*** Exercise data ***

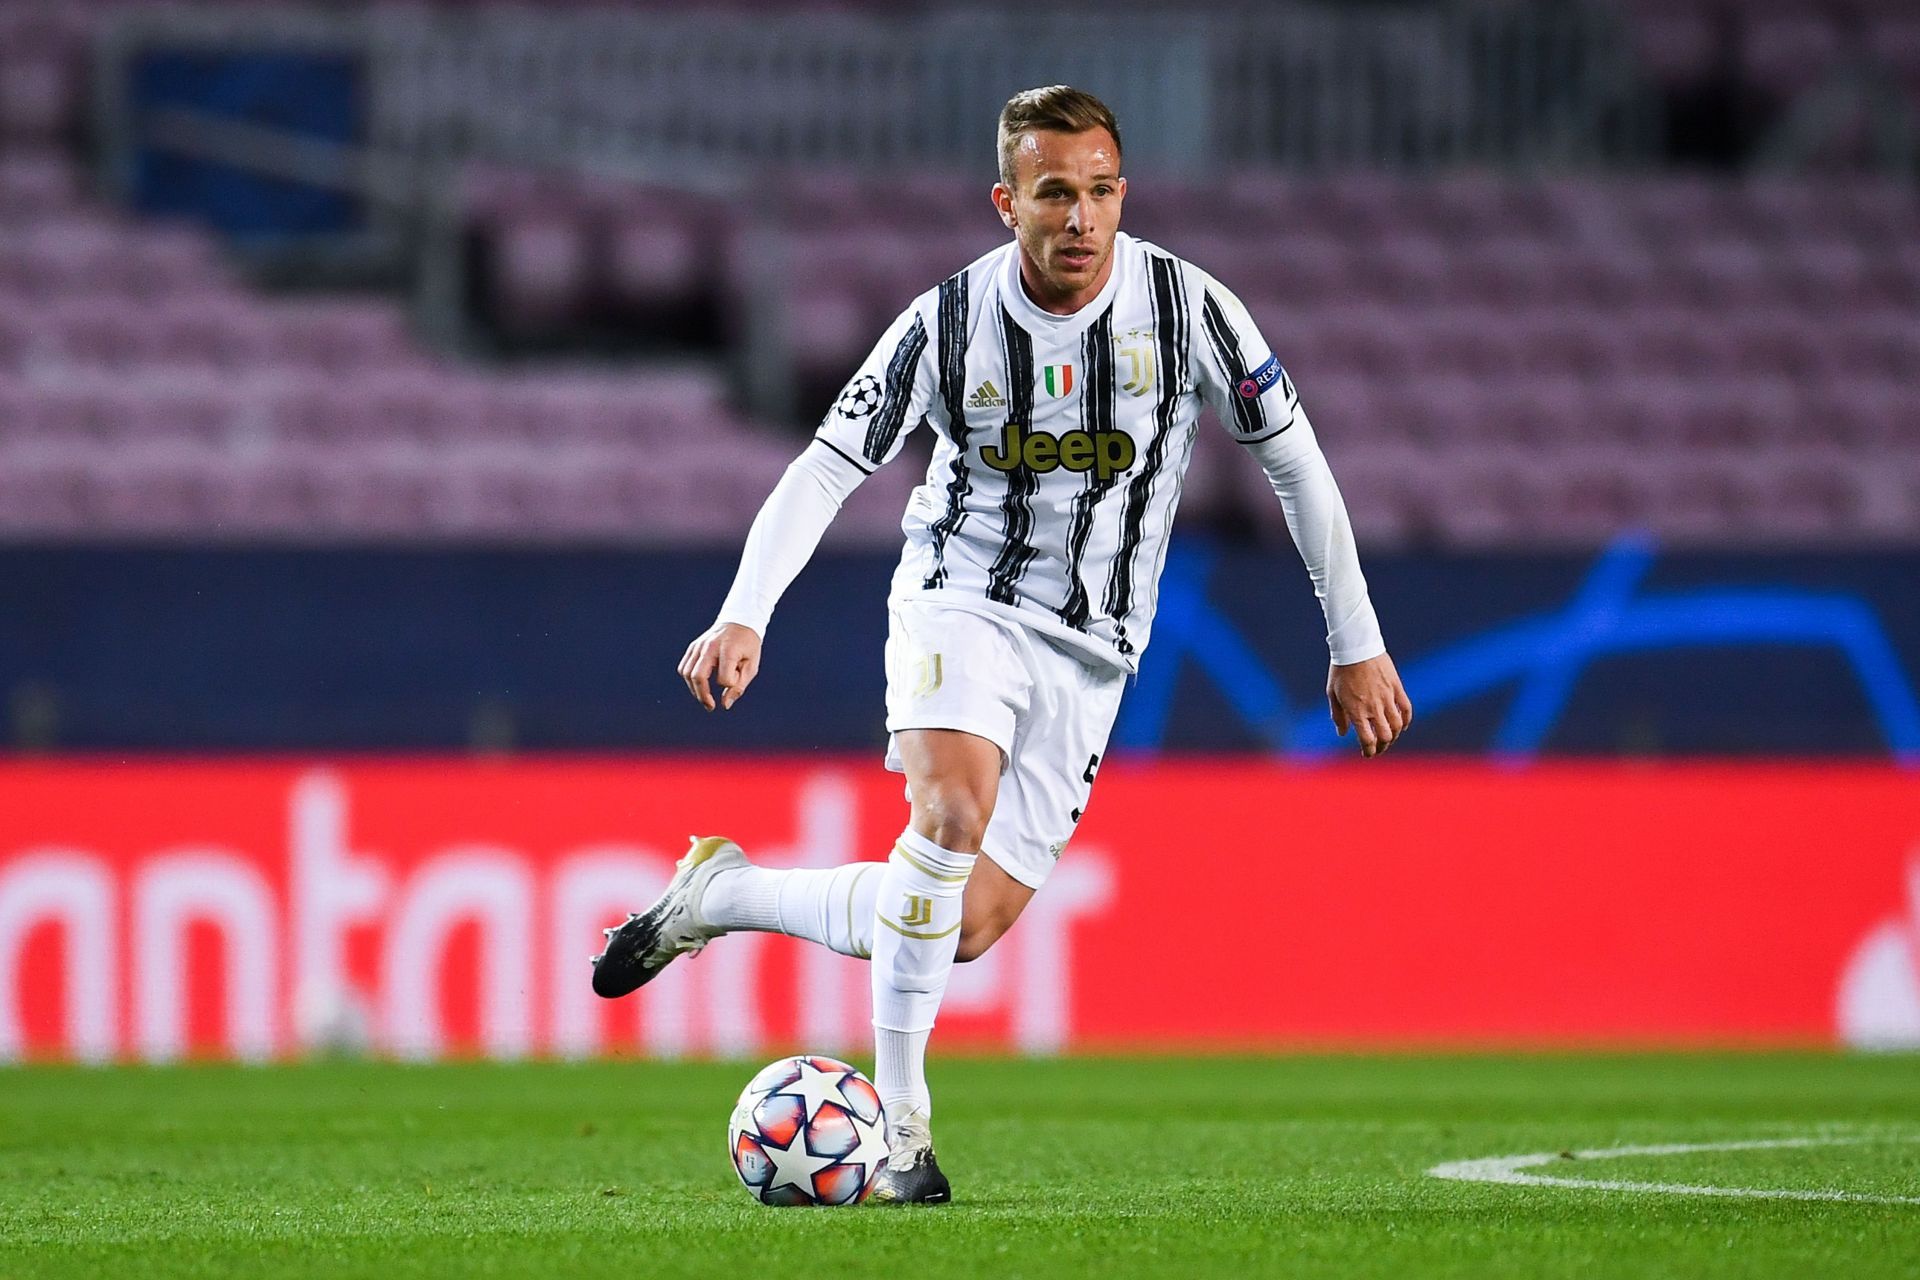 Arthur has struggled with various injury issues throughout his Juventus career
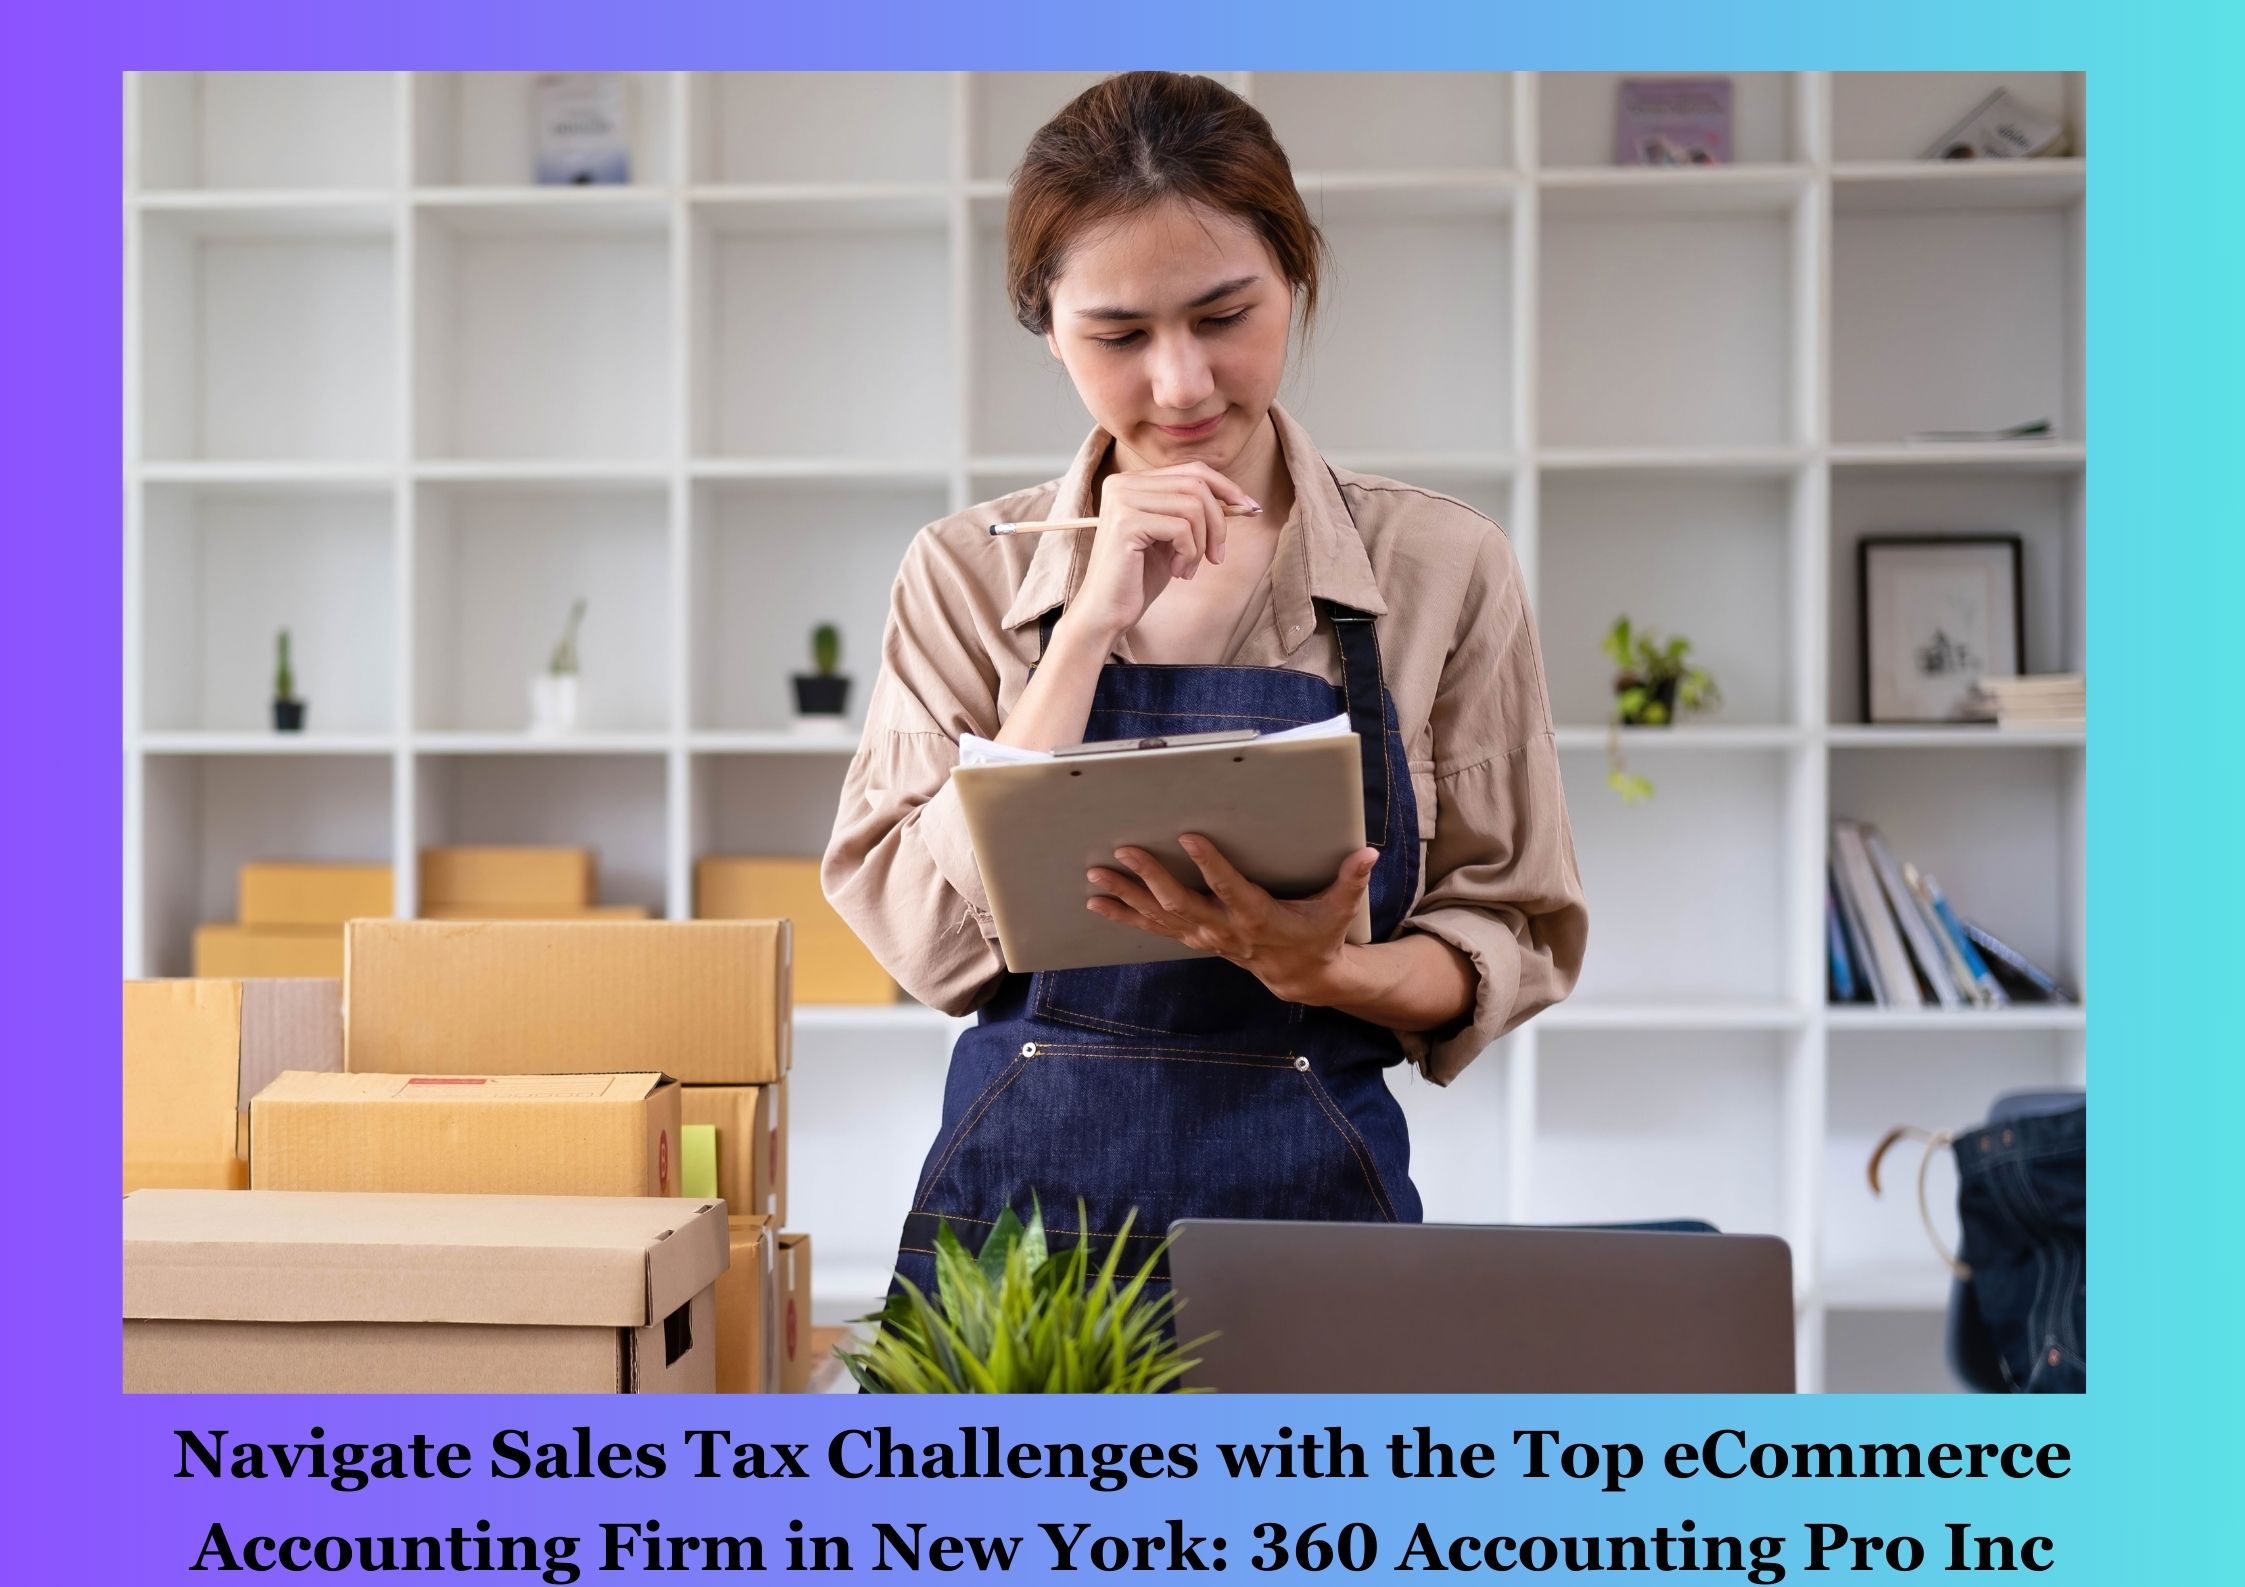 Navigate Sales Tax Challenges with the Top eCommerce Accounting Firm in New York: 360 Accounting Pro Inc
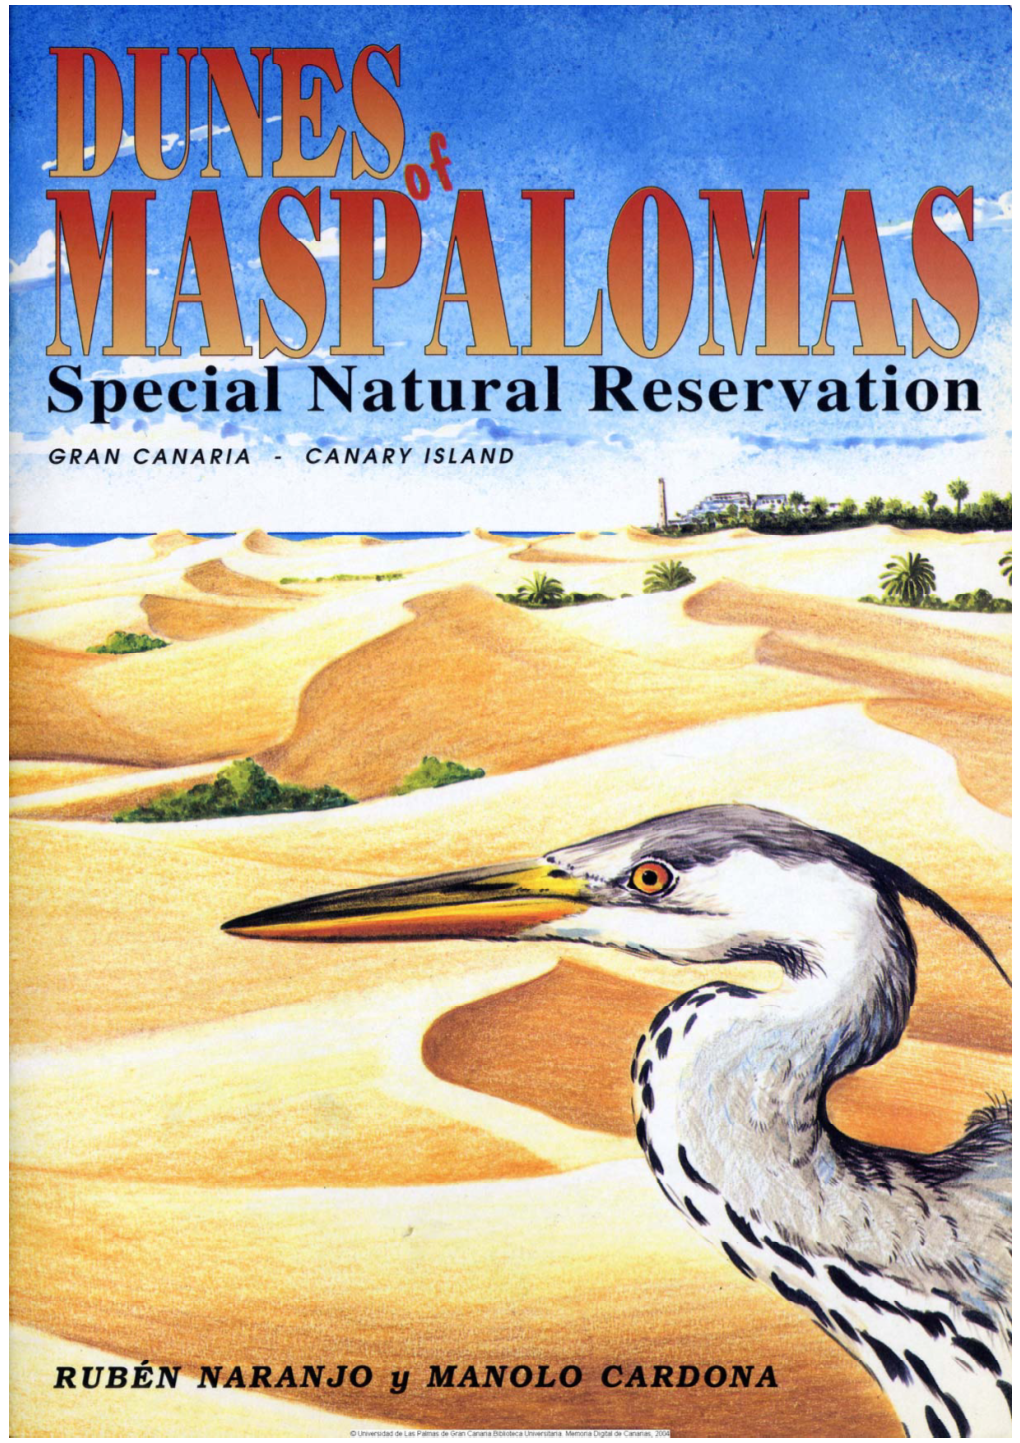 Dunes of Maspalomas: Special Natural Reservation

***

* [Assignment]: An exact copy of the data is required, with the pictures excluded.

* [Solution to this exercise]:
 Arthur has struggled with various injury issues throughout his Juventus career
 Navigate Sales Tax Challenges with the Top eCommerce Accounting Firm in New York: 360 Accounting Pro Inc
 Dunes of Maspalomas: Special Natural Reservation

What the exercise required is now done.